What strategies do you use to cope with negative feelings?

The song played softly on the radio—”I Can’t Live Without You.” The melody filled the car as I drove a passenger to his destination, my hands steady on the wheel. That’s when it happened.
A black ball.
It came out of nowhere, like a vacuum pulling through the air, invisible yet undeniably real. It shot straight into the right side of my head. A sharp, consuming force by XR and again into my breast on 27.3.25 together with her lover. She is the the black magic witch and warlord who place this inside me.
I gritted my teeth, trying to shake off the sensation. I knew what it was. Another attack. Another battle. But this time, it had entered me.
The Delusion That Wouldn’t Leave
XR had been haunted for years. A terrible, delusional black shadow clung to her, whispering madness, twisting reality. Even after she converted to a new faith, the darkness refused to leave. She had gone to doctors, seeking a cure, hoping science would explain what prayers could not. But no one had answers.
Then, I appeared.
I don’t know how or why, but I helped her. Through a single prayer, the weight of the shadow weakened. XR’s lover saw it happen. He had watched her battle insanity, had seen her slipping away, and now—just like that—she was back.
But the cost was mine to bear.
The War Against the Unseen
The attacks never stopped. The black magic practitioners worked tirelessly, trying to break me, to force me to surrender. They sent darkness, curses, unseen forces. But I stood my ground, protecting myself and my family.
No matter how many times they tried, I always found a way out.
Their illusions? I saw through them.
Their spells? I broke them.
Their threats? I ignored them.
Then came the final attack—the black ball that had entered my head. This was different. This was inside me. How was I supposed to remove it?
The practitioners listened, waiting, watching. They observed my prayers, trying to stop me, using tricks, distractions, illusions. But I refused to be silenced. No matter what they did, I would get up, take a breath, and sing to my deity—loud and unwavering.
Days passed. Weeks. Months.
One by one, the practitioners faded away. Some lost interest. Some grew afraid. But two remained. Two who listened to my prayers, puzzled, unable to understand how I kept saving myself from their madness.
They watched. They questioned.
And I continued.
The Lover’s Choice
The temple became my refuge. I went daily, finding strength, clarity. I could feel the black ball inside me, but I also felt something else—the answer.
Then, my lover lost sight of me. He searched, restless, anxious. When he finally found me, I was kneeling before the altar, deep in prayer.
He watched. And then he said it.
“I want to go in.”
I turned, stunned. “What?”
“With or without you, I want to go there.”

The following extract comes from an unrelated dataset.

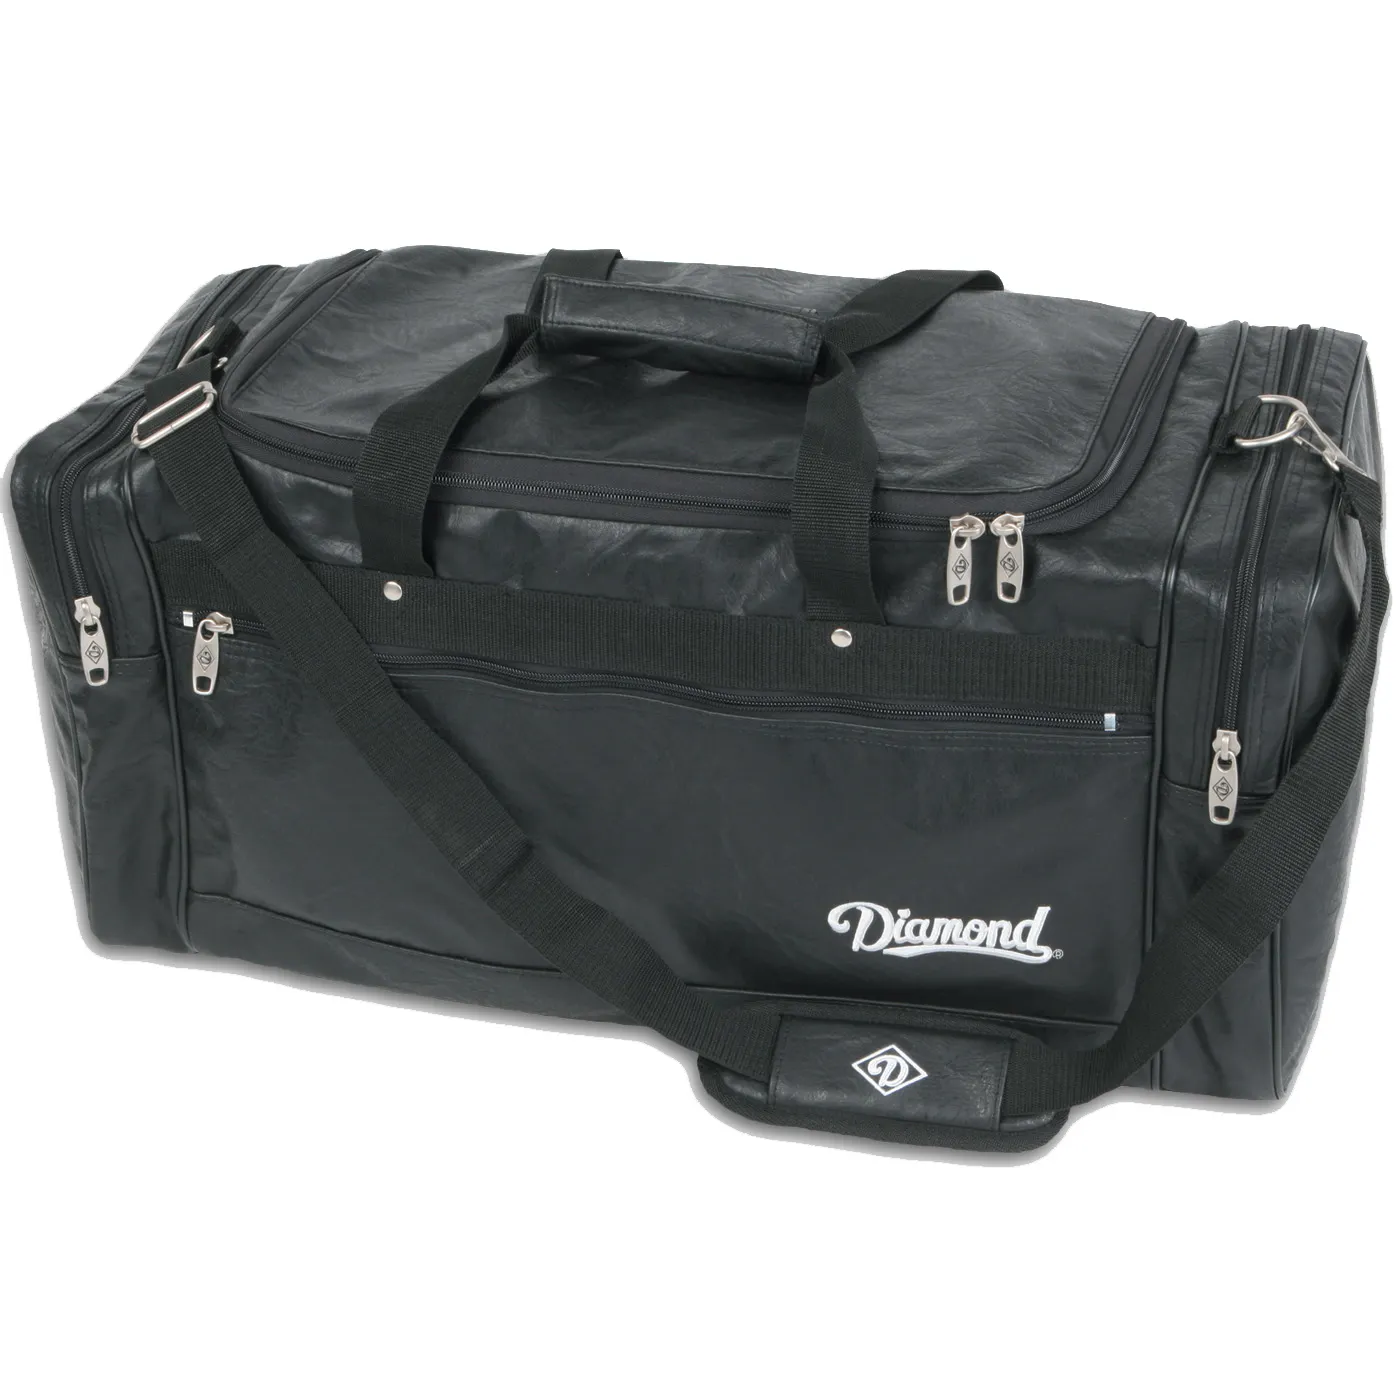 5033 - Diamond Equipment Bag

I hesitated. This was the same man who once ridiculed my faith. Who had met XR and her small family through a marriage built on division. Who had once believed Hindu prayers were the work of devils.
And now, he wanted to enter the temple.
I followed him inside, uncertain, uneasy.

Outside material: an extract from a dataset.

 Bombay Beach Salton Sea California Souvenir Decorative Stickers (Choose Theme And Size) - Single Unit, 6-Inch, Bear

The priest completed the puja and stepped forward, offering camphor fire to the devotees. One by one, they took the blessing, drank the holy water, bowed their heads.
Then, it was my lover’s turn.
I watched in disbelief as he took the camphor’s blessing. He drank the holy water. He crowned himself, just like the others.
I couldn’t understand it. This was the man who rejected it all. And yet, here he was.
The Revelation
XR stood frozen, her shock mirroring mine. Her mother had just converted to another faith. And now, her lover was returning to Hinduism?
And then there was me.
The black ball was still inside my head.
I exhaled. The answer was already there.
Keep doing what I’ve been doing.
Keep praying. Keep fighting. Keep standing strong.
Because maybe—just maybe—the ones who had tried to break me would change. Maybe they would see that no curse, no spell, no force of darkness could defeat me.
Maybe one day, they would finally accept me.
Not as an enemy. Not as an outsider.
But as a human being.
How cool would that be?
Coping with the Darkness
I’ve learned that the only way to survive darkness is to shine through it. I pray, I stand, I fight. No matter what they throw at me, I rise again.